TASK BRIEF: Your copy should contain exactly the lines from the start of the material through the line containing "AVEDA Nutriplenish™ Multi-use Hair Oil", and no pictures.

DATA:

━━━━━━━━━━━━━━━━

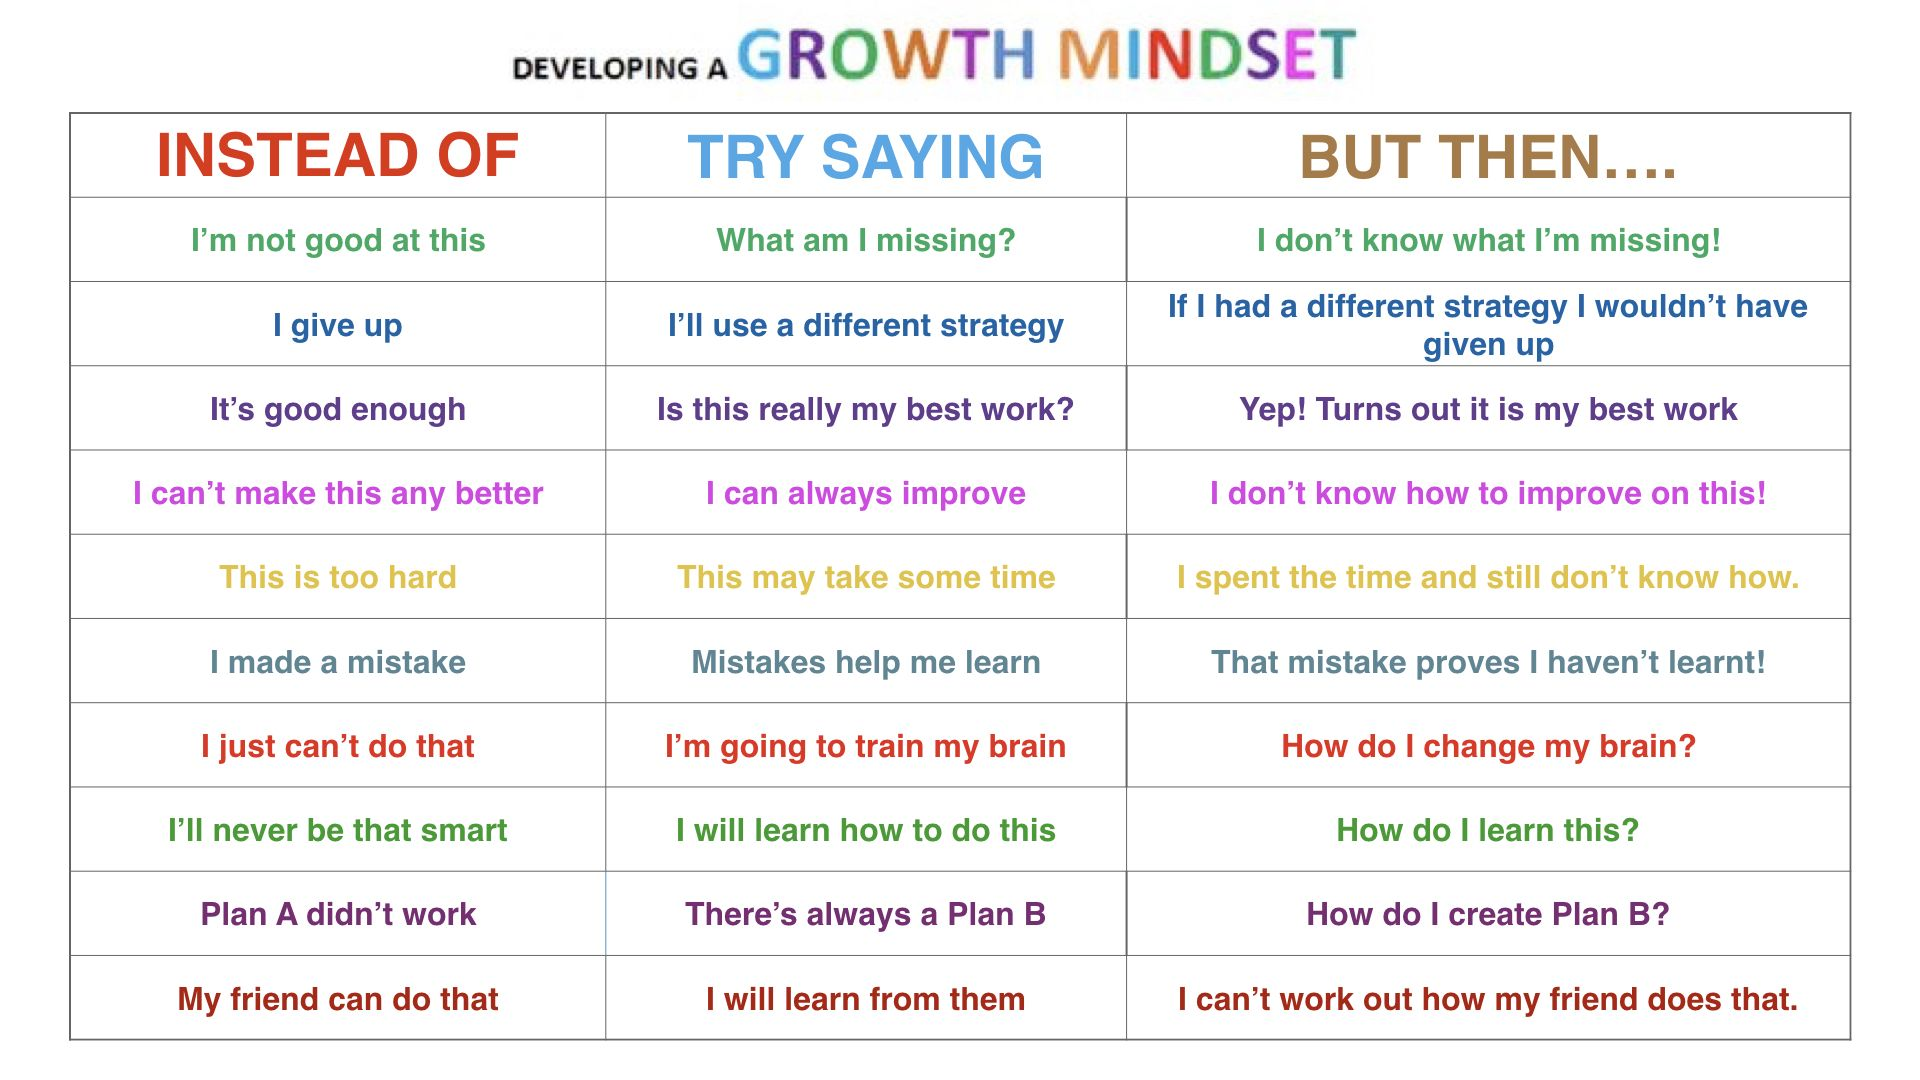 Change Your Mindset Then Change Your Words Mindful By Design Words Mindset Growth Mindset
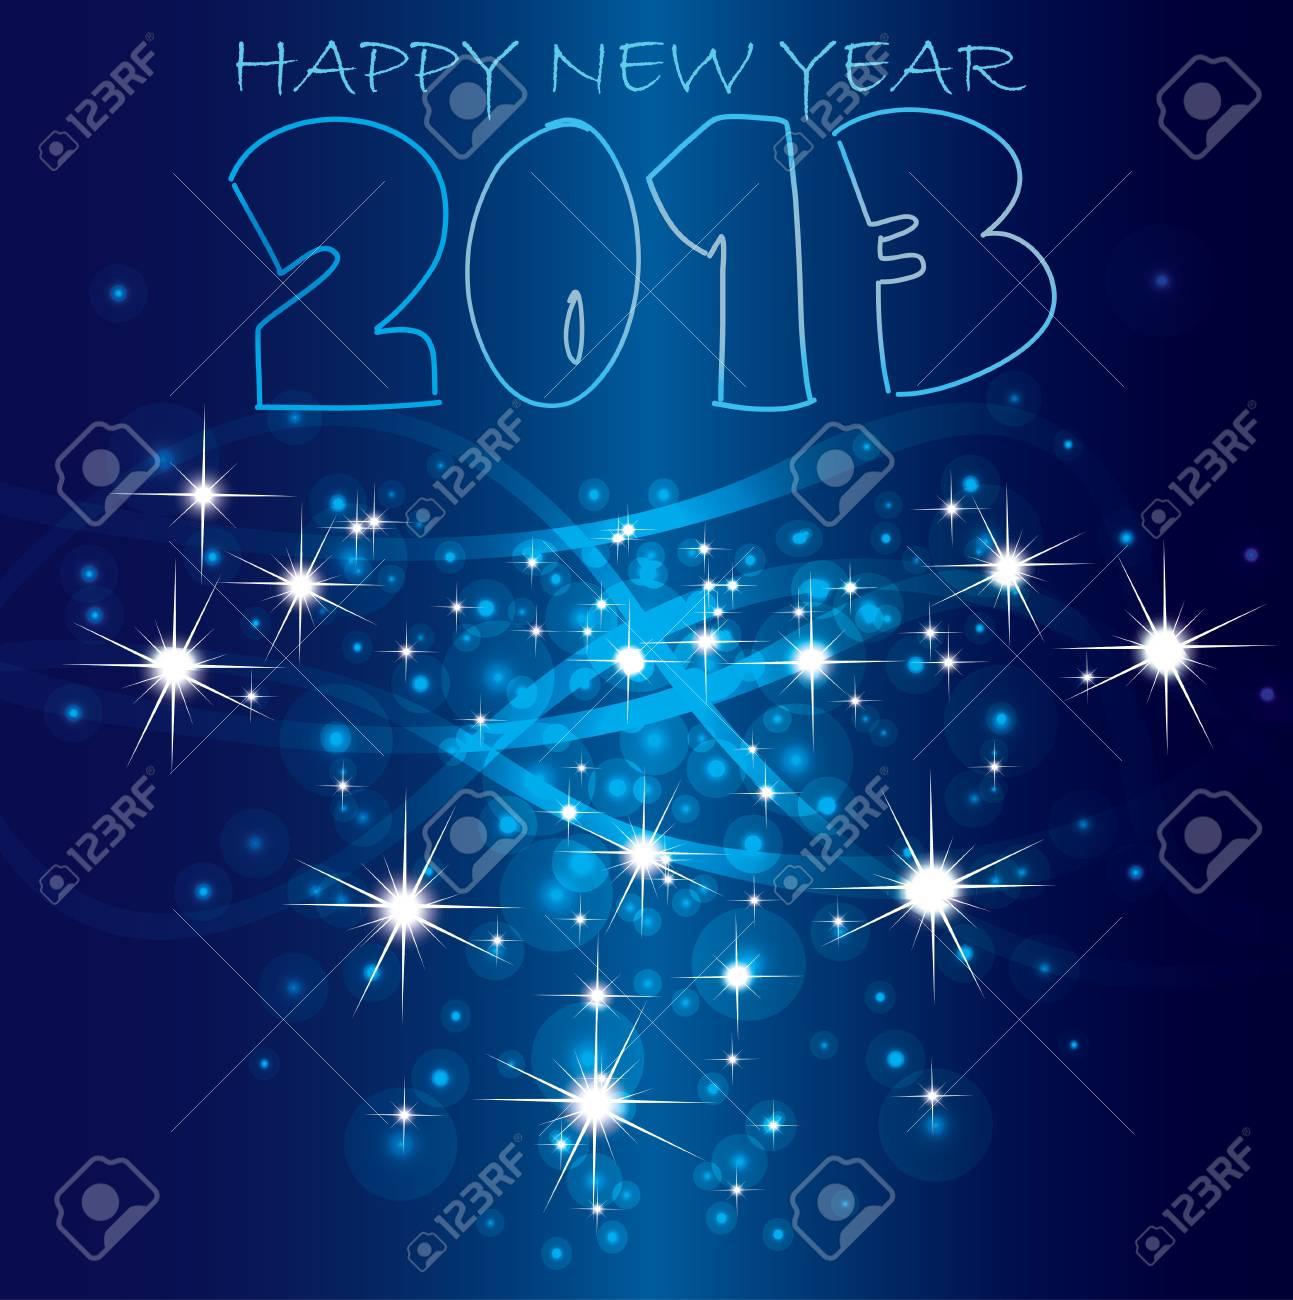 2013 Happy New Year background  Vector Stock Vector - 16160046
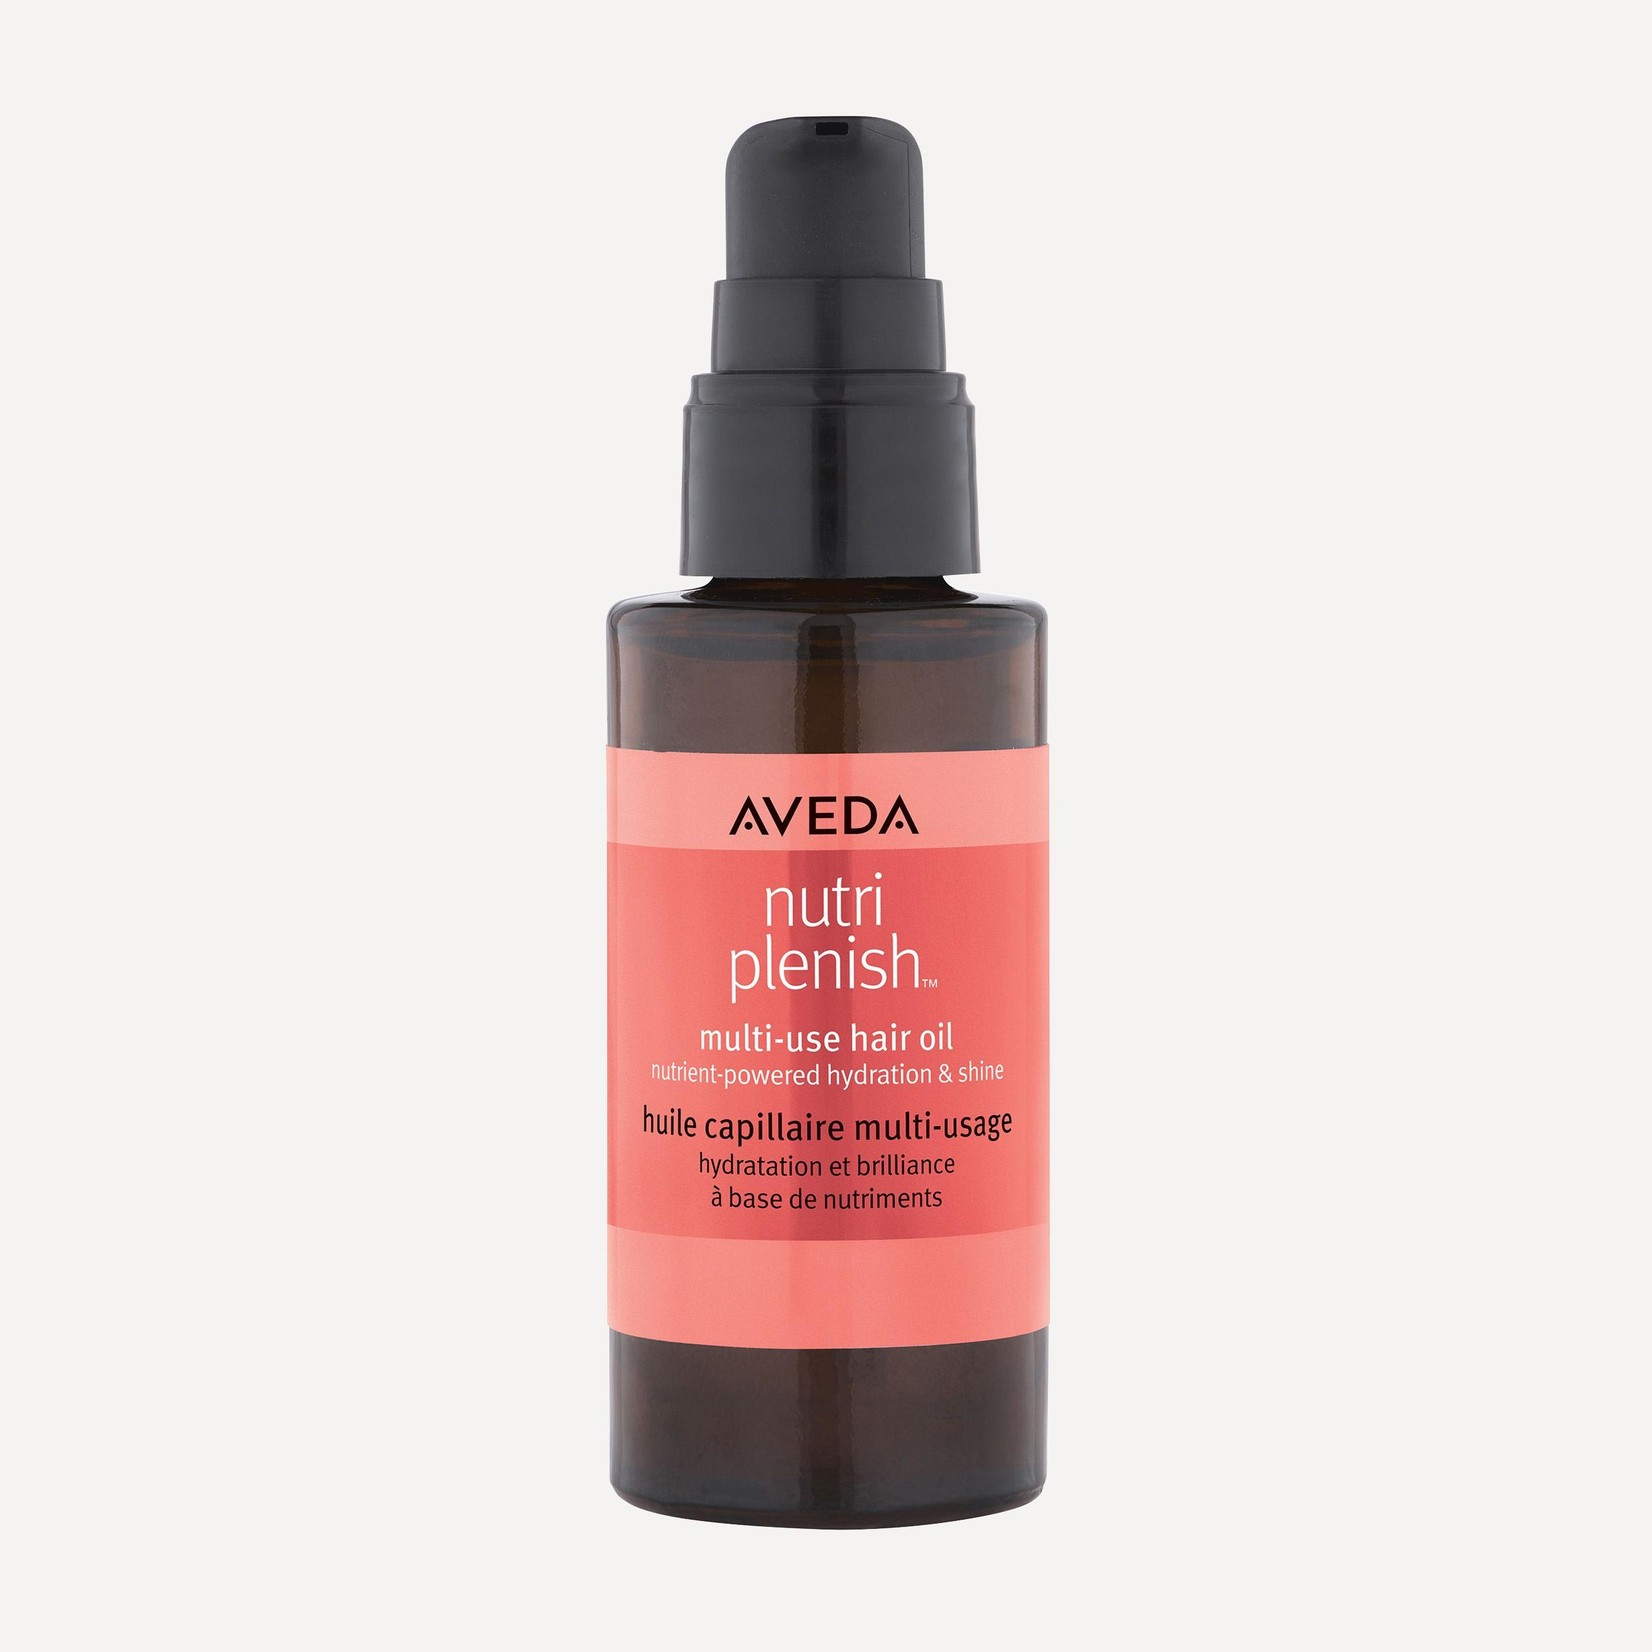 AVEDA Nutriplenish™ Multi-use Hair Oil
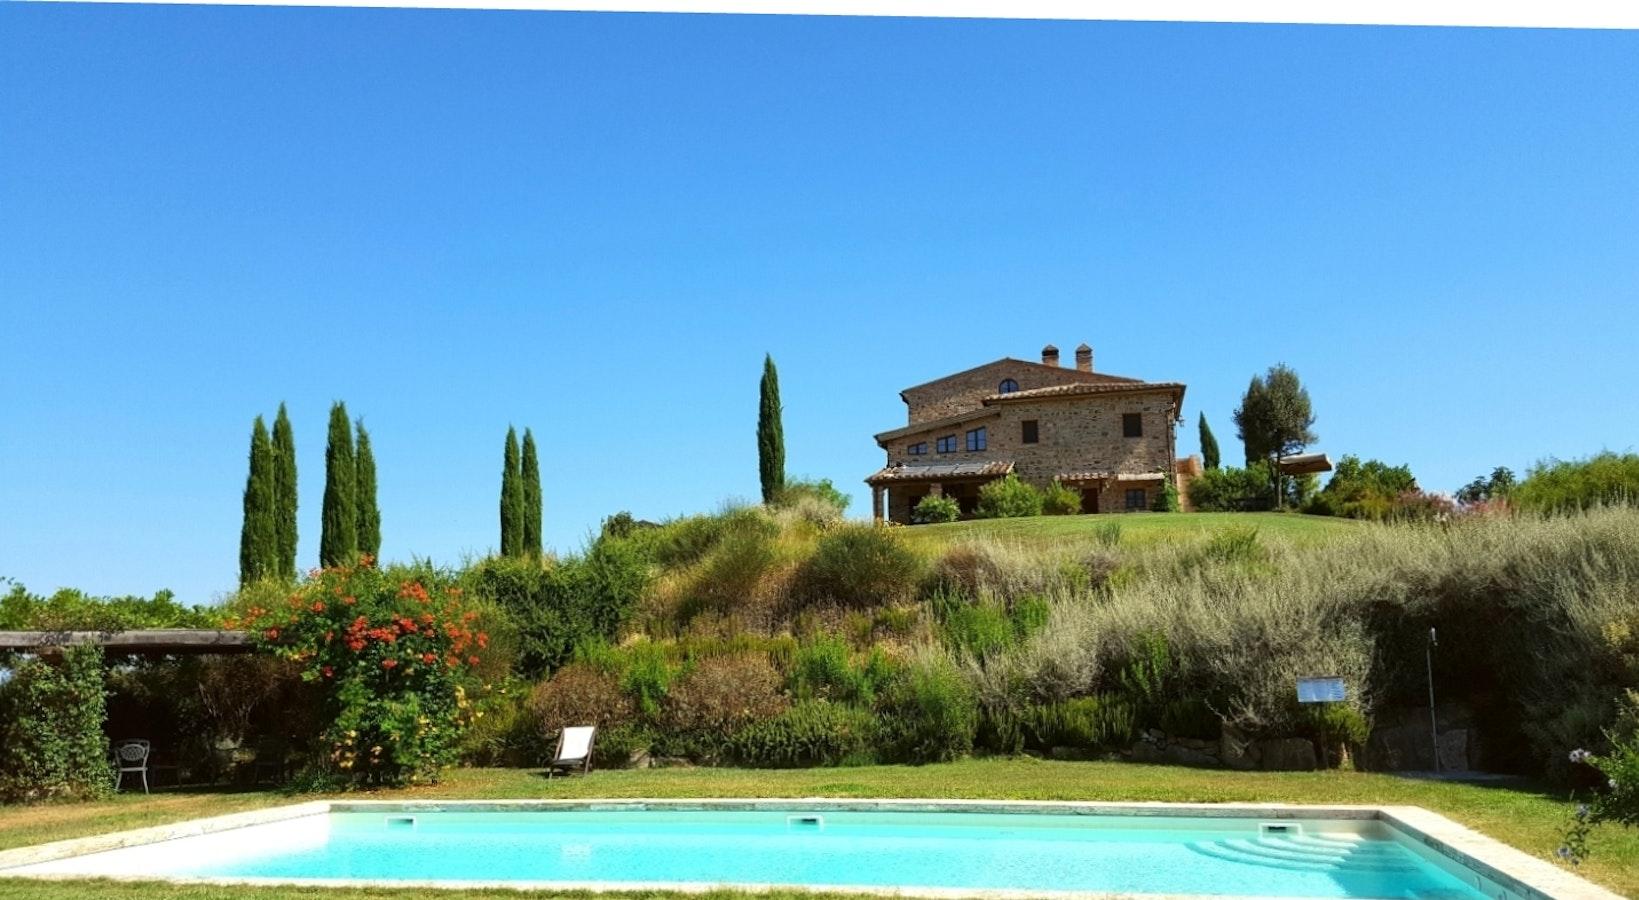 Podere cunina agriturismo buonconvento vicino siena - Agriturismo siena con piscina ...

━━━━━━━━━━━━━━━━

YOUR SOLUTION:
 Change Your Mindset Then Change Your Words Mindful By Design Words Mindset Growth Mindset
 2013 Happy New Year background  Vector Stock Vector - 16160046
 AVEDA Nutriplenish™ Multi-use Hair Oil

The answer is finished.